Longreads
- Forbes profiles Peak6 and Apex Clearing; Peak6 started out in derivatives trading, ran into trouble with their nearly-insolvent clearing company, and ended up acquiring it in order to offer clearing services to other fast-growth companies. In finance, there seems to be a tendency for the companies that are good at engineering to be more agile about moving to parts of the supply chain where they have a bigger competitive advantage. When investing is a systematic discipline, the skillset is more translatable to other things adjacent to it.
- Rohit at Strange Loop Canon writes about how some small teams can quickly learn to build a nuclear weapon, while larger and better-funded ones can forget how to. Especially interesting is the riff on poaching talent but not being able to use it, and on the low ROI of industrial espionage. This implies that a distinct company culture can be a particularly effective defensive tool; the people who thrive in a particular company culture are less likely to succeed anywhere else.
- Estimating the cost of technical debt: this paper argues that states whose unemployment benefit systems were written in COBOL caused delays in unemployment benefits with an aggregate GDP impact of $215bn in current dollars. (I have written before on the case for either subsidizing or banning COBOL.) (Via Marginal Revolution.)
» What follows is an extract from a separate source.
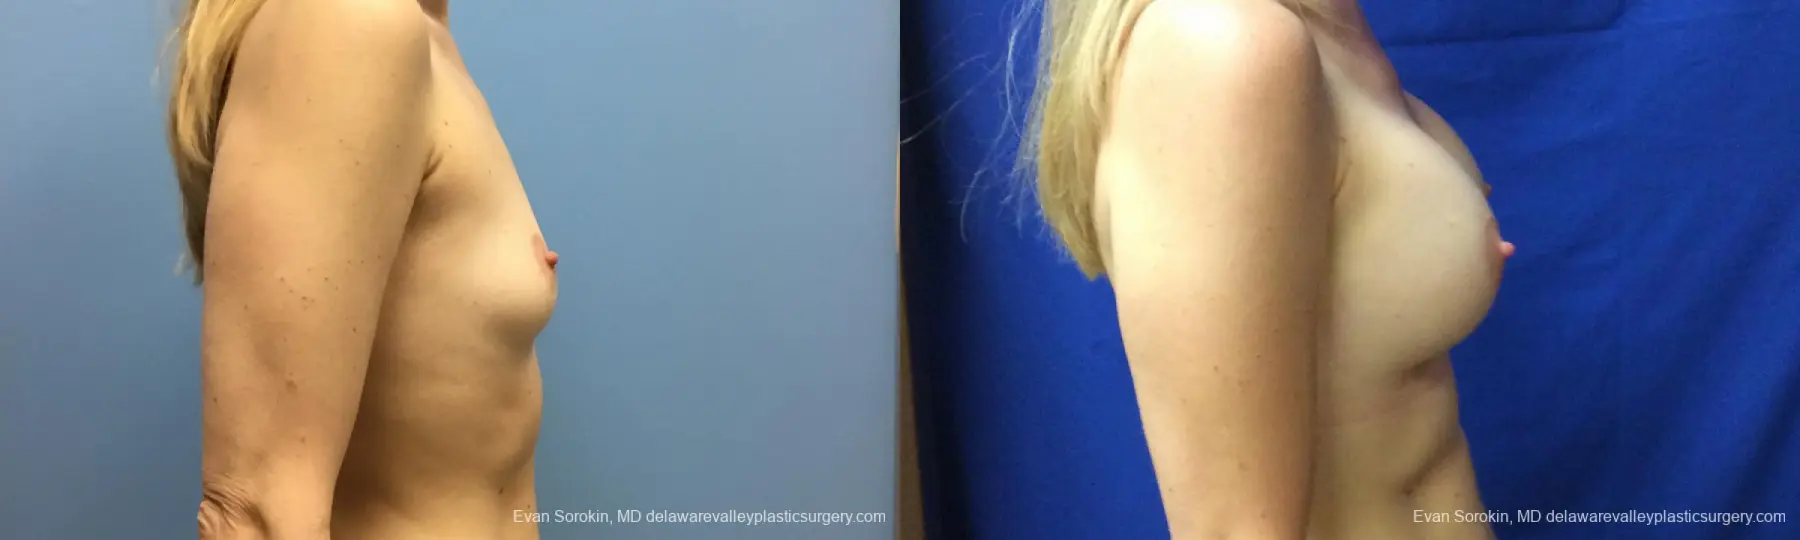 Philadelphia Breast Augmentation 12520 - Before and After 4

- Casey Handmer on why Starship is a big deal. If going to space was in some sense worth it at the old cost structure, how much more worthwhile is it when the cost drops by orders of magnitude?
- Scholars Stage has a great meditation on the two Bush presidencies: the GHWB administration had numerous foreign policy triumphs, GWB had many failures, and the people in charge were often exactly the same.
Books
- Vaclav Smil, Natural Gas: Fuel for the 21st Century: Peter Zeihan has gotten a lot of mileage out of analyzing economics and geopolitics by paying attention to actual geography—as it turns out, soil, rainfall, mountain ranges, and natural resource deposits are a big deal, and ignoring them is perilous. Vaclav Smil has a sort of twist on this: the book is about the history of, economics of, and utility of natural gas, and a recurring theme is that Smil defaults to thinking in terms of chemical reactions. Different mental models come in and out of favor over time (Zeihan-style thinking was pretty unfashionable in the 90s, for example), and my guess is that the chemistry-fluent thinkers have a good decade ahead of them as more and more decisions start with Fermi estimates of emissions impacts.
Open Thread
- As always, share any links that Diff readers would enjoy.
- In light of yesterday's riff on Meta, let's talk about the Metaverse: who has a head start (besides Roblox), who is investing the most (besides Meta), who gets the most spillover benefits (besides Nvidia—the demand for triangles that refresh 60 times a second will keep on exploding)?